Una adicción, una pasión

La motocicleta, para desestresara un "Harlista"

El señor Jorge Fitzmaurice a bordo de su motocicleta Harley Davison, con la cual recorre las calles de la capital yucateca; para él, el motociclismo es su pasión y siempre lo ayuda, a sus 78 años, a desestresarse

Siento la adrenalina, es como una adicción, una pasión; sentir la brisa del aire, mientras recorres la carretera, y ver los paisajes te desestresa, dice Jorge Fitzmaurice, quien desde 1953 recorre las calles de Mérida a bordo de su motocicleta Harley Davidson.

Desde su búnker, en el interior de su casa, donde ni a sus nietos deja entrar, por lo que el reportero se siente privilegiado, Jorge Fitzmaurice platica sobre su pasión por las motos.

“El Pichi”, como lo conocen en el mundo de las motocicletas, es uno de los fundadores del primer escuadrón acrobático en Mérida.

En el año de 1948 se formó el primer moto club en la ciudad y en 1953 se integró para formar el escuadrón y de ahí el club empezó a tomar relevancia en el estado.

Jorge Fitzmaurice comenta que hacían acrobacias en pueblos y municipios, principalmente cuando había inauguraciones de torneos de béisbol. “Lo hacíamos sin ningún pago, por amor al motociclismo”, expresa.

Su gusto por las motocicletas comenzó cuando veía las películas de Pedro Infante, quien lo inspiró y apasionó por las acrobacias.

Practicando lo que observaba atentamente en las películas “nos íbamos un grupo de 10 personas al estadio Salvador Alvarado, donde comenzó el club de acrobacias. Los jueves practicábamos y los domingos salíamos a hacer acrobacias en los pueblos.

Fizmaurice cuenta que tuvo la oportunidad de conocer a su ídolo, Pedro Infante, y andar con él en un recorrido en moto, en dos ocasiones.

El motociclista dice que gracias a Dios no ha tenido ningún accidente grave en estos años, sólo leves raspones por algunas caídas.

“No es tan peligrosa la acrobacia o el motociclismo, lo que sí lo es, es el entorno, la falta de respeto que le tienen al motociclista, piensan que debe irse a un lado, no hay respeto todavía”, expresa.

Ha viajado a varios lugares; recuerda que recién casado viajó de Mérida a Acapulco en motocicleta.

“El Pichi” comenta que antiguamente se tenía al “Harlista” como un pelafustán, pero actualmente las personas que están en alguno de los más de 20 moto clubes son profesionales: doctores, licenciados, abogados y más.

A sus 78 años, hoy día Jorge Fitzmaurice es de los pocos que siguen arriba de una motocicleta; por su larga trayectoria, se da el lujo de convivir con varios del club.

Cada sábado sale con su grupo, “La Secta Peninsular”; se pone su chaqueta negra de cuero, su casco y sus botas… y entonces sale para desetresarse.

Una satisfacción que le ha dado esta pasión es conocer a varias personas, ha hecho amistades que hasta hoy conserva.

Indica que mantiene una sana alimentación y hace ejercicio, para que pueda salir y hacer sus recorridos en su “caballo de hierro” muchos años más.

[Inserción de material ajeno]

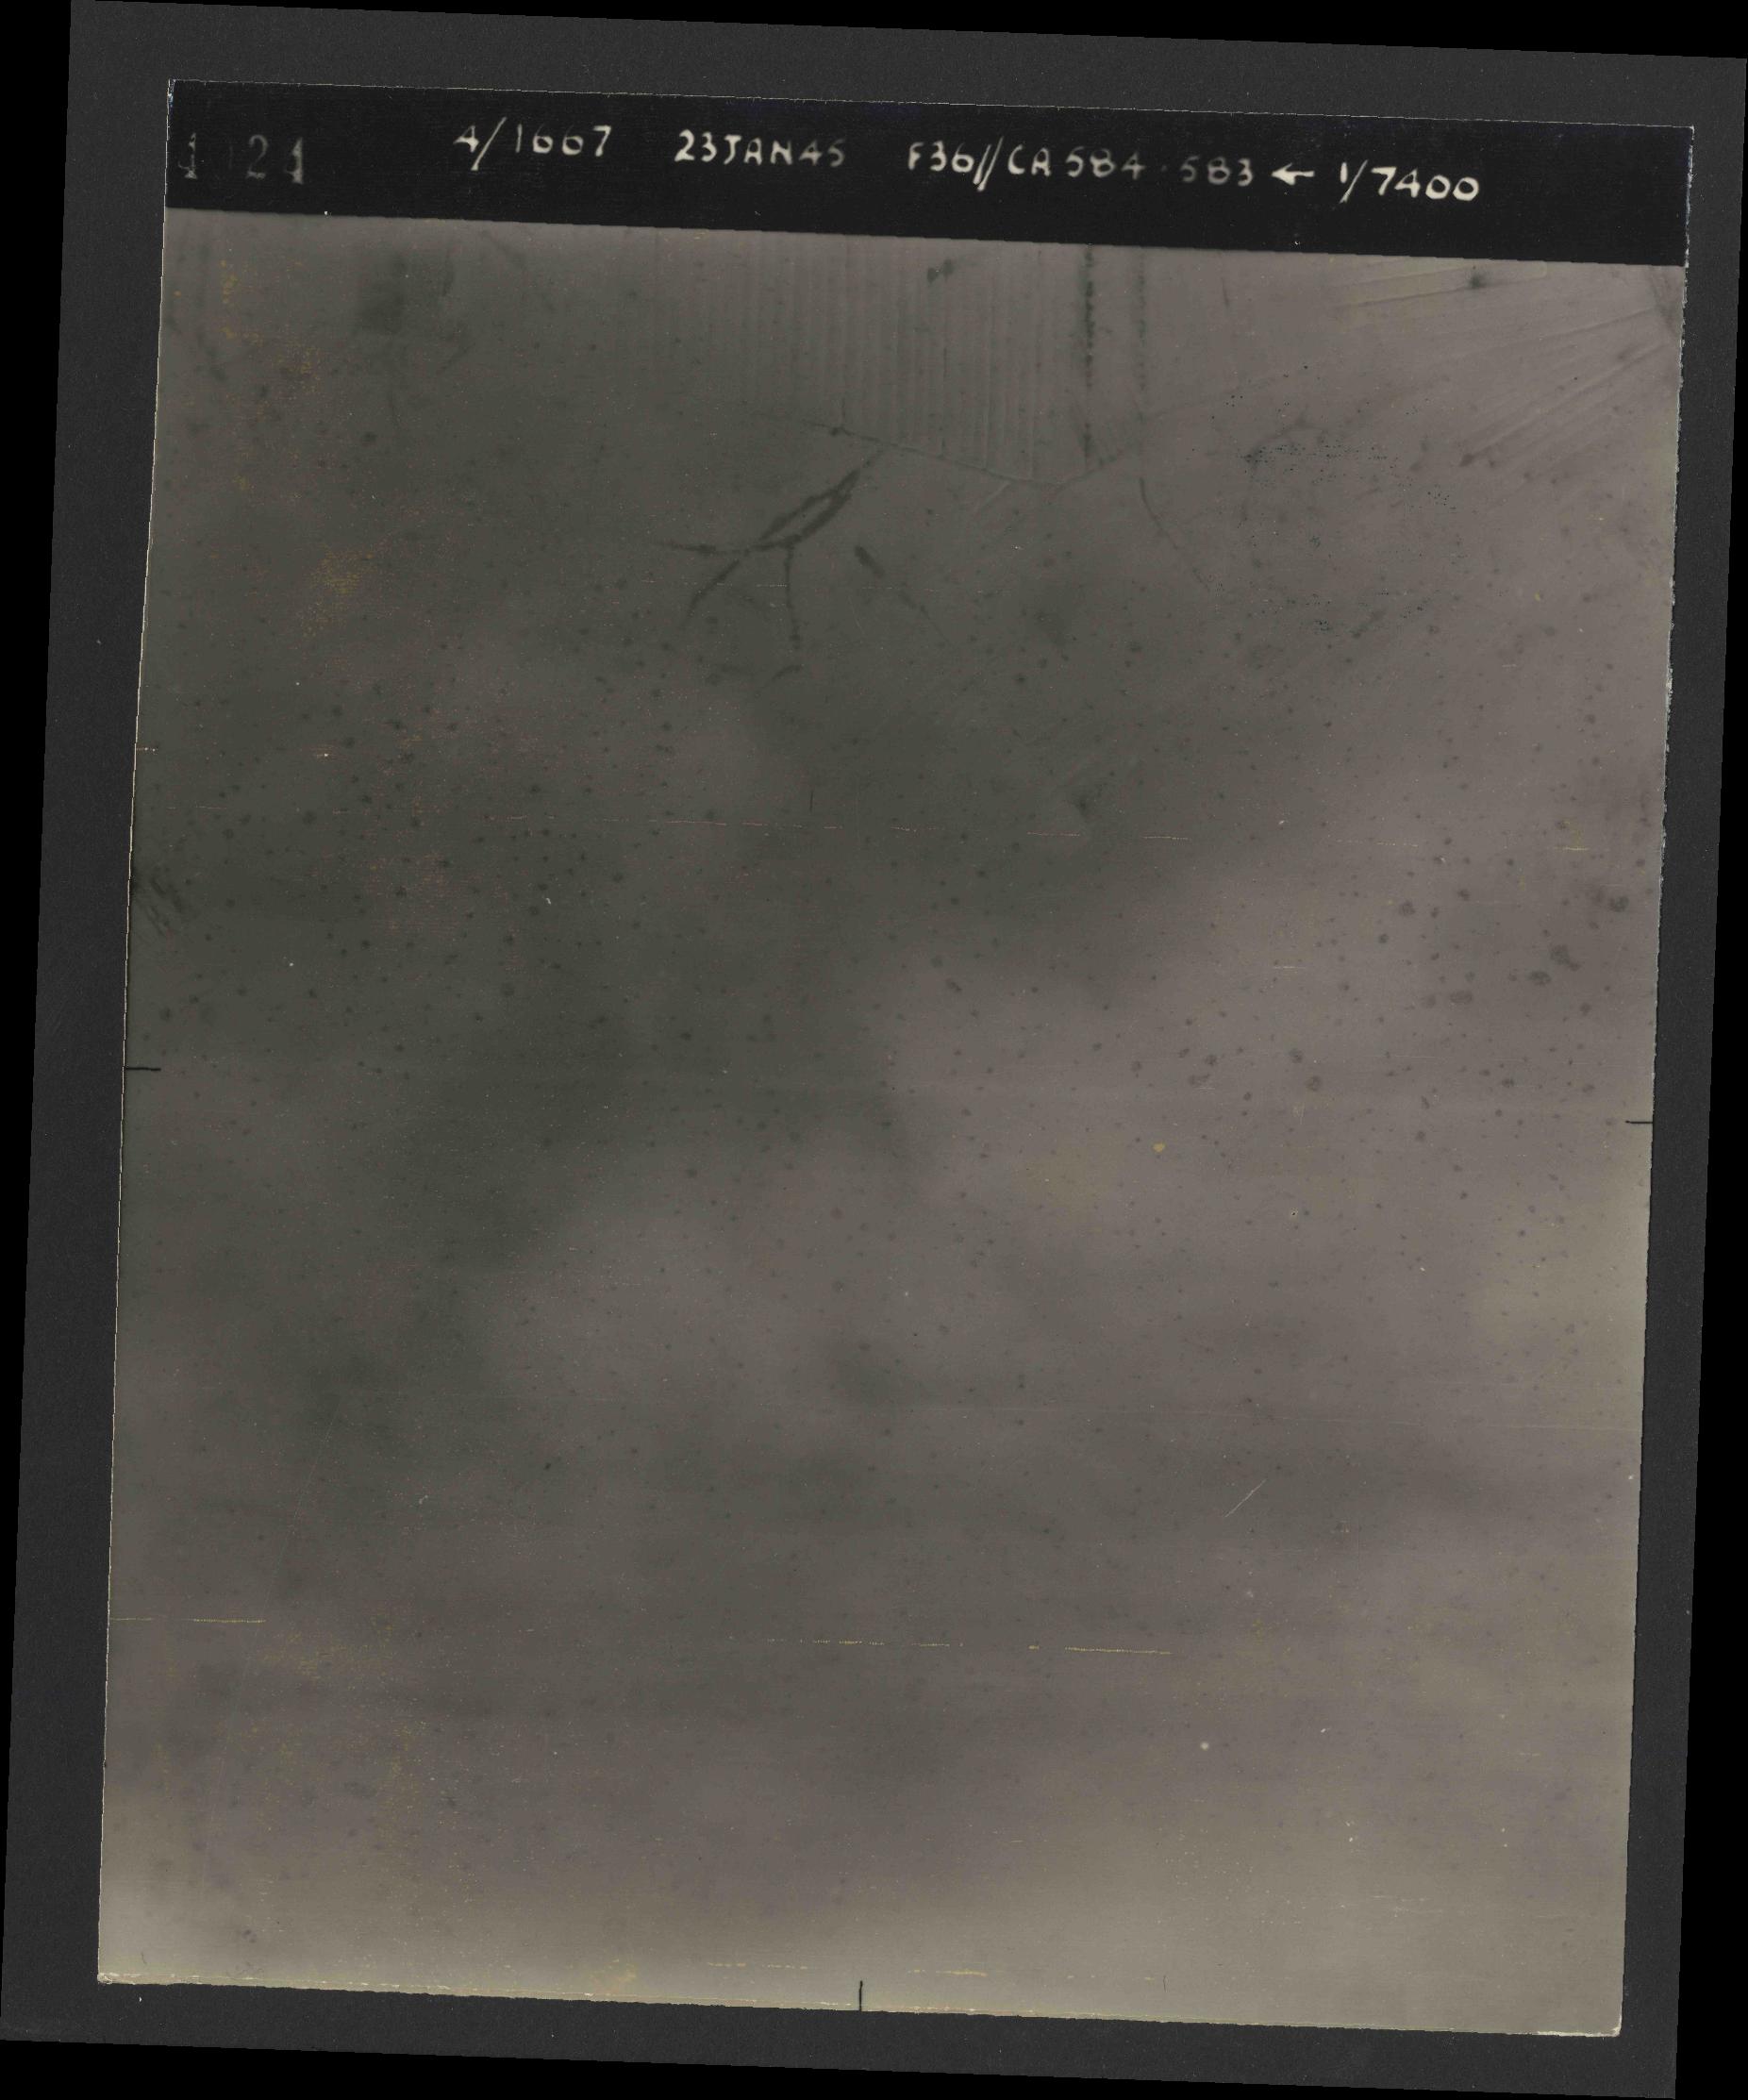 Collection RAF aerial photos 1940-1945 - flight 324, run 02, photo 4024
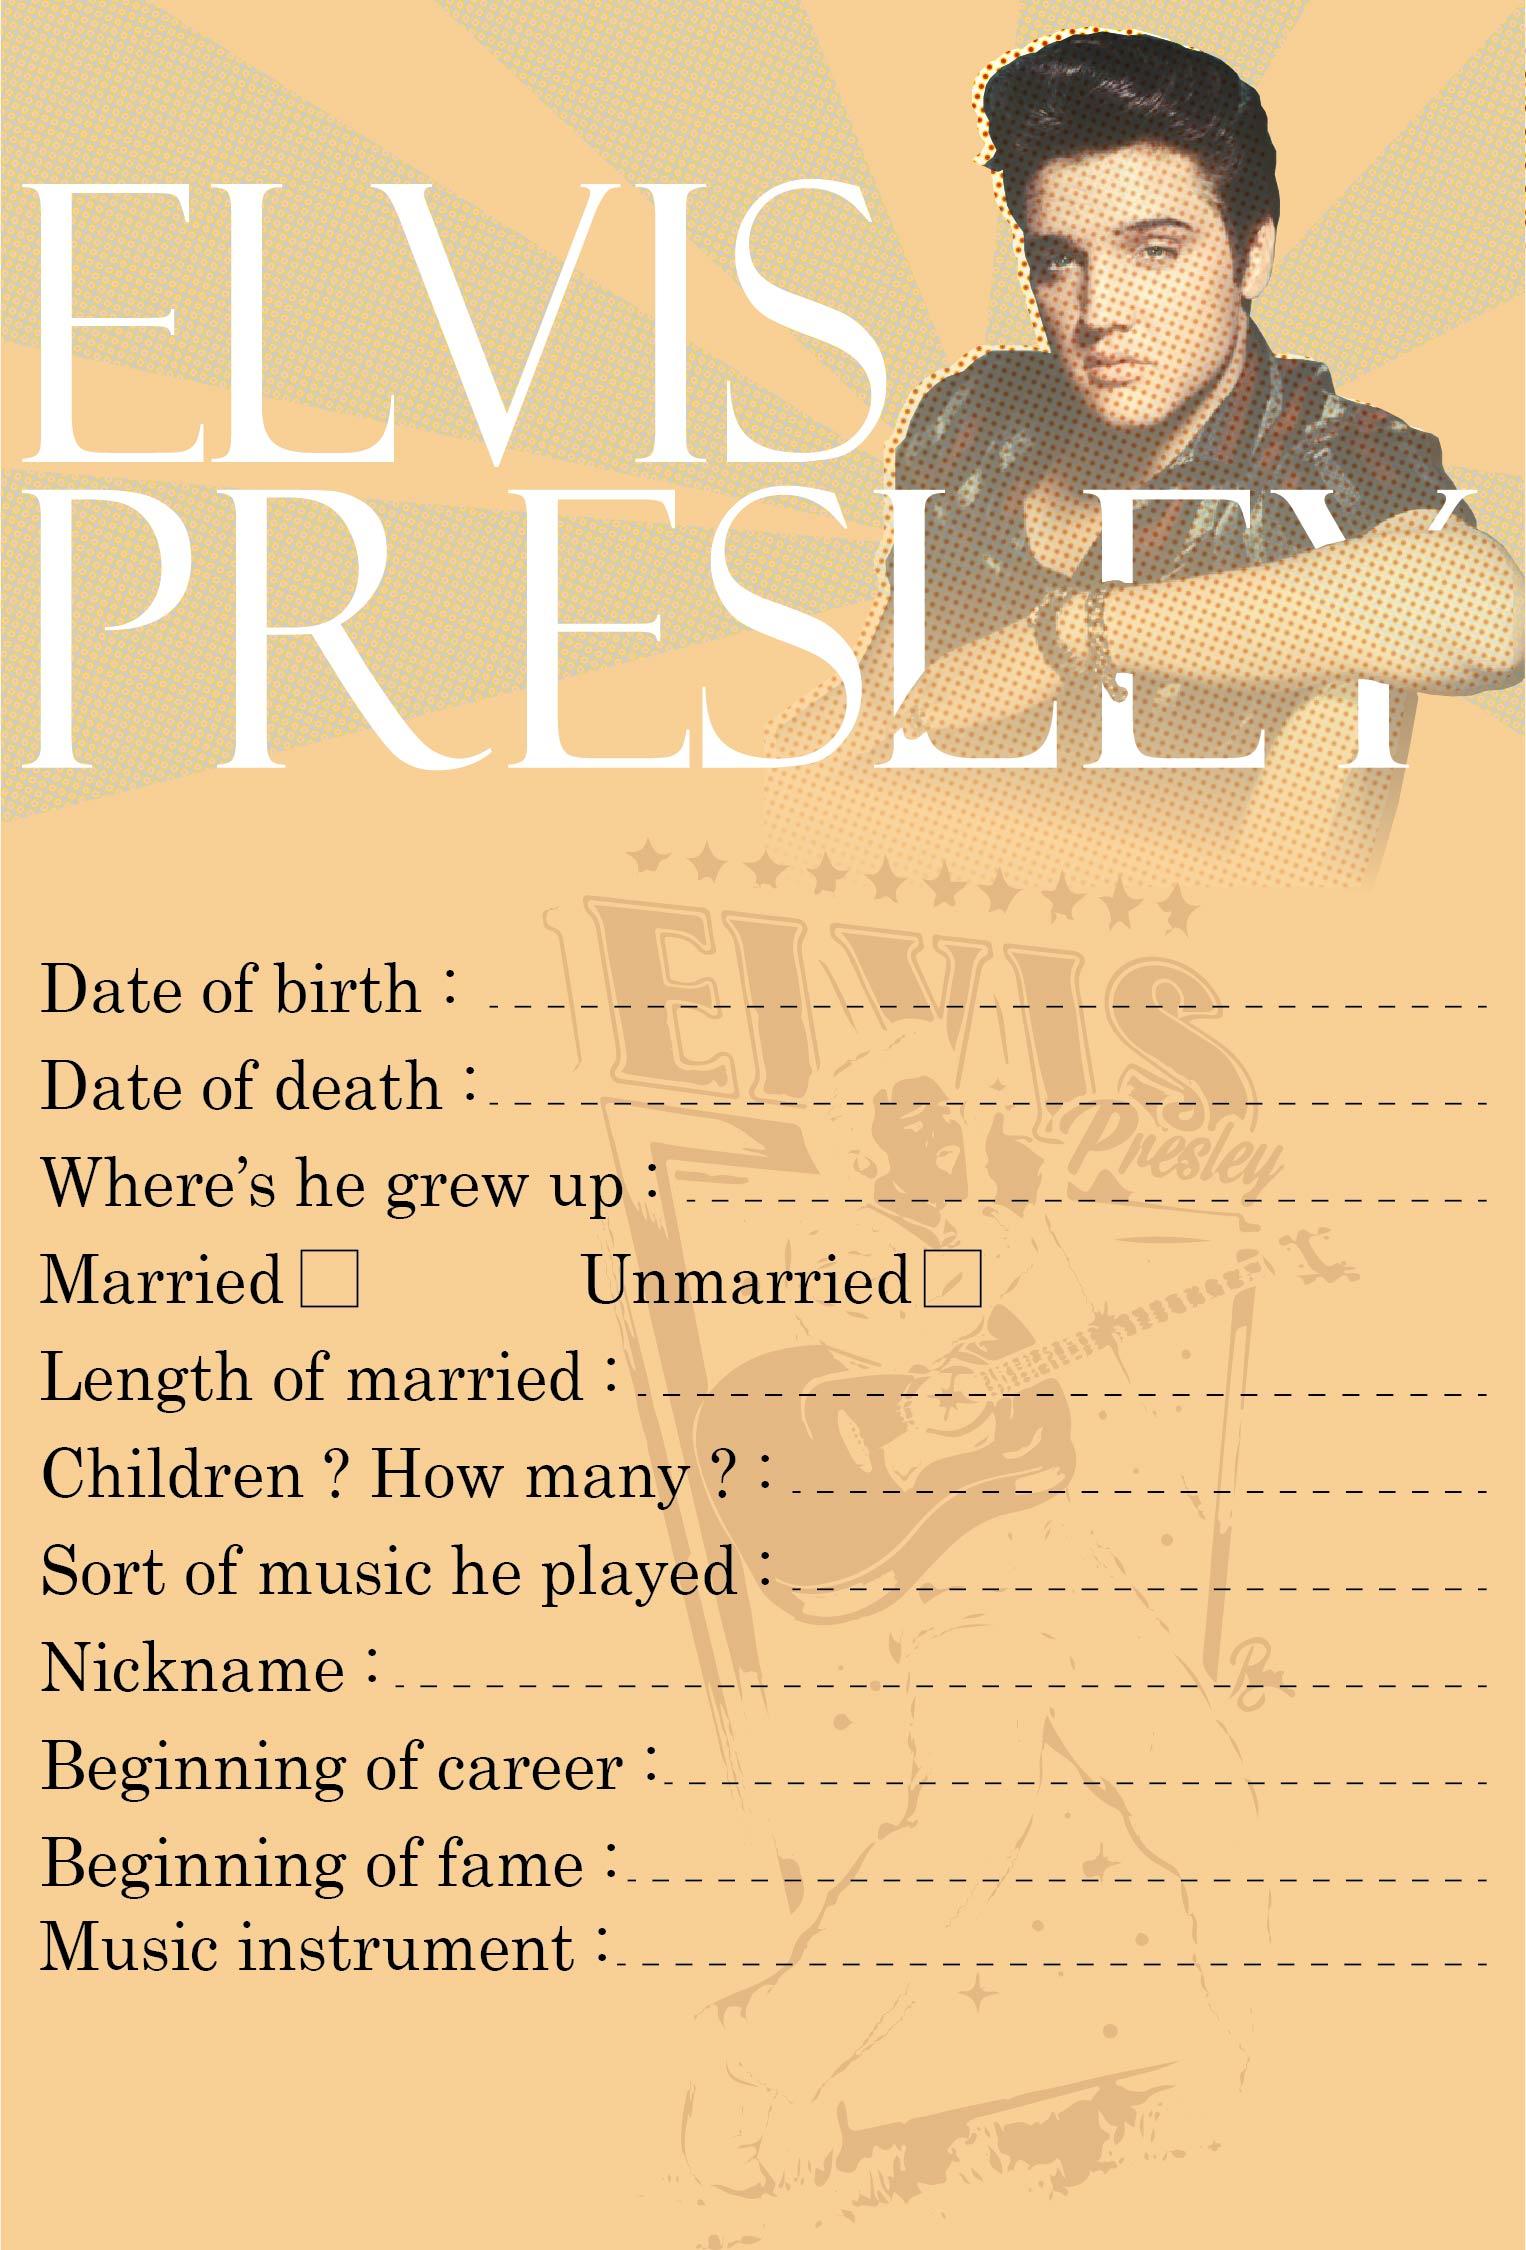 Elvis Presley Printable Games

“Procuro salir cada día, aunque sea una hora, en la moto para desestresarme, sentir el aire, esa adrenalina es mi medicina”, enfatiza.- Abraham Bote Tun

De un vistazo

Se escapó

Su esposa recuerda que cuando lo operaron de la vesícula el doctor le recomendó que no hiciera esfuerzo, que reposara en su casa. Pero después de tres días de estar en la cama se “escapó”; tomó la motocicleta y se fue a dar la vuelta a la manzana. “Es su medicina”, expresa. “Sentir el aire, la libertad es una adrenalina, una pasión”.

Satisfacciones

Una de las satisfacciones que ha tenido por el motociclismo es que ha conocido a mucha gente, personas con las cuales ha formado una gran amistad.

Premios

Ha recibido gran cantidad de reconocimientos, pero el más emotivo, destaca, es el que le otorgó Harley Owner Group, en Mérida, que fue sólo por haber cambiado de modelo y color, porque “toda mi vida he usado Harley Davidson”, dice.